§ **ASSIGNMENT**
From the first line to the last, repeat the data exactly but leave out the pictures.

§ **DATASET CONTENT**
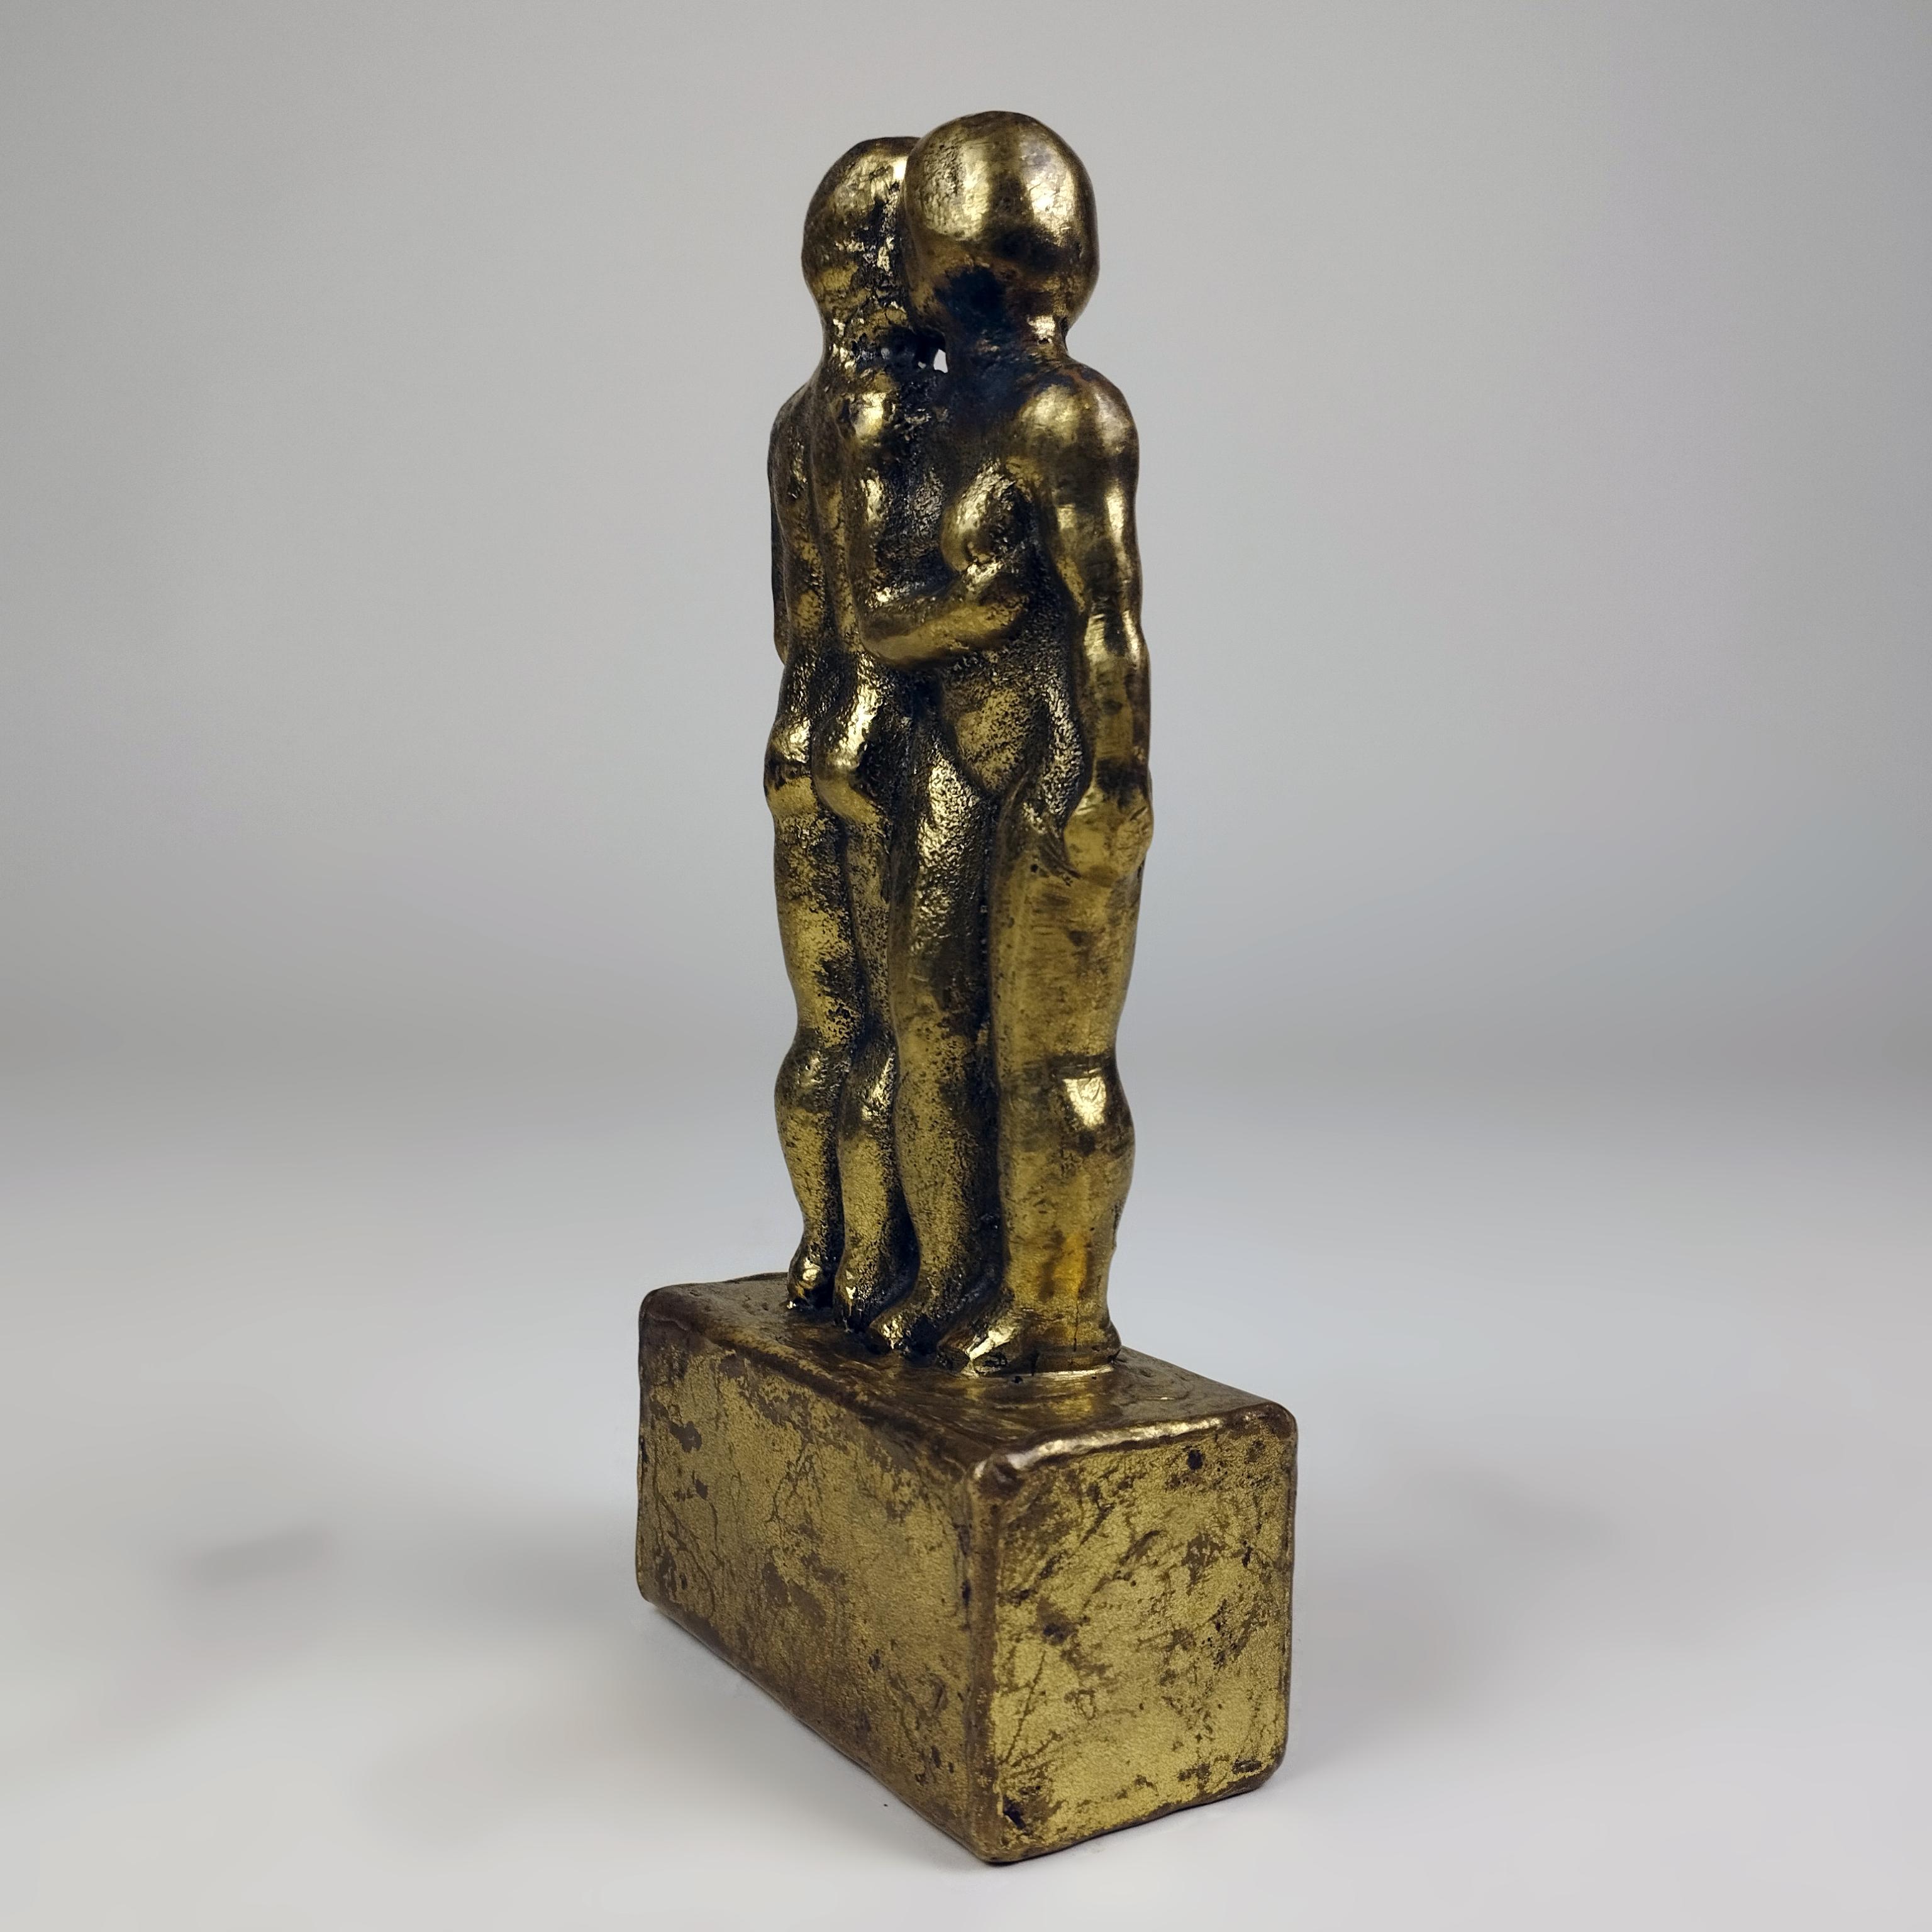 A Brutalist cast bronze sculpture with gilt steel base depicting a couple kissing by Hungarian-born Mexican artist Pal Kepenyes. The sculpture is signed on one of the base's sides.

A sculptor from Hungary who was nationalized Mexican, Pal Kepenyes
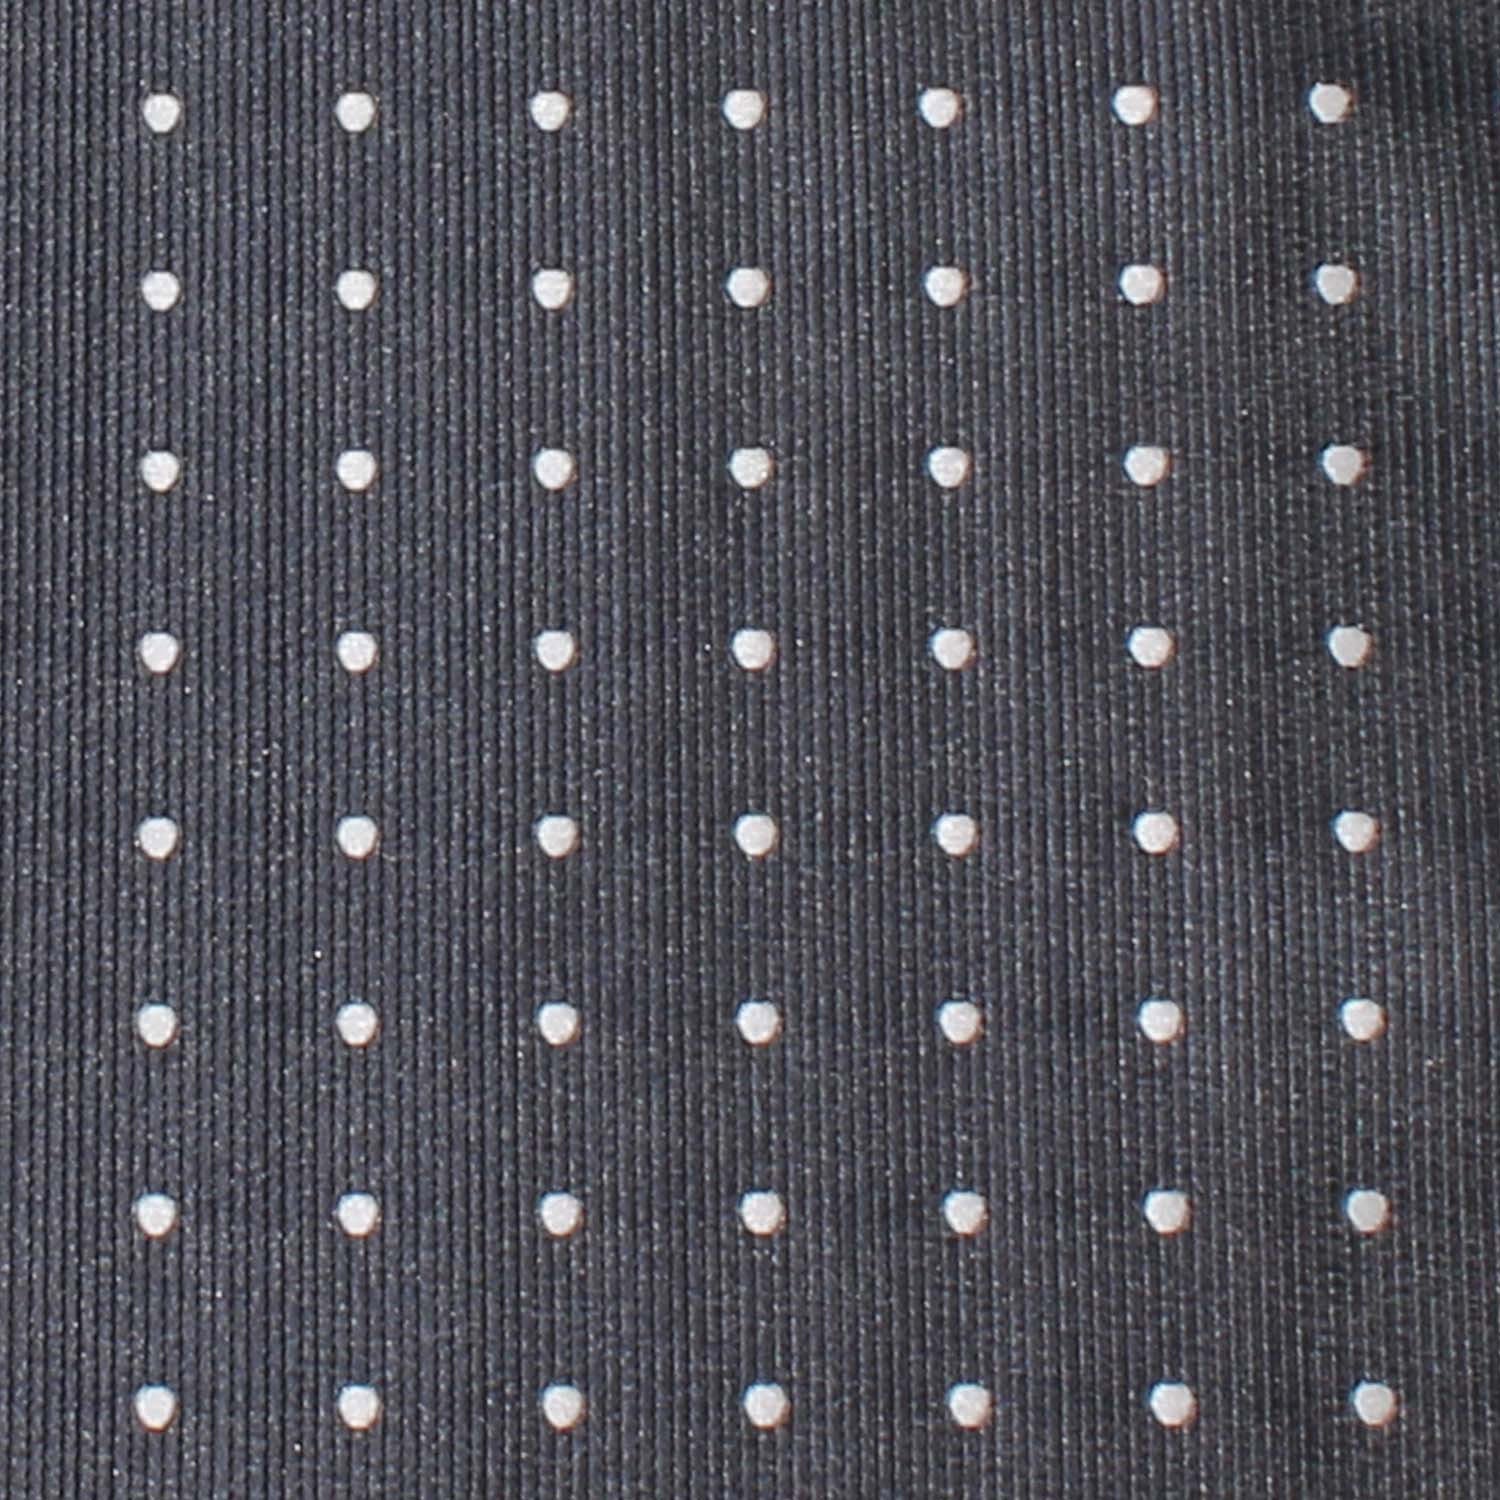 Charcoal Grey with White Polka Dots Fabric Self Tie Bow Tie M121

§ **EXERCISE SOLUTION**
 A Brutalist cast bronze sculpture with gilt steel base depicting a couple kissing by Hungarian-born Mexican artist Pal Kepenyes. The sculpture is signed on one of the base's sides.

A sculptor from Hungary who was nationalized Mexican, Pal Kepenyes
 Charcoal Grey with White Polka Dots Fabric Self Tie Bow Tie M121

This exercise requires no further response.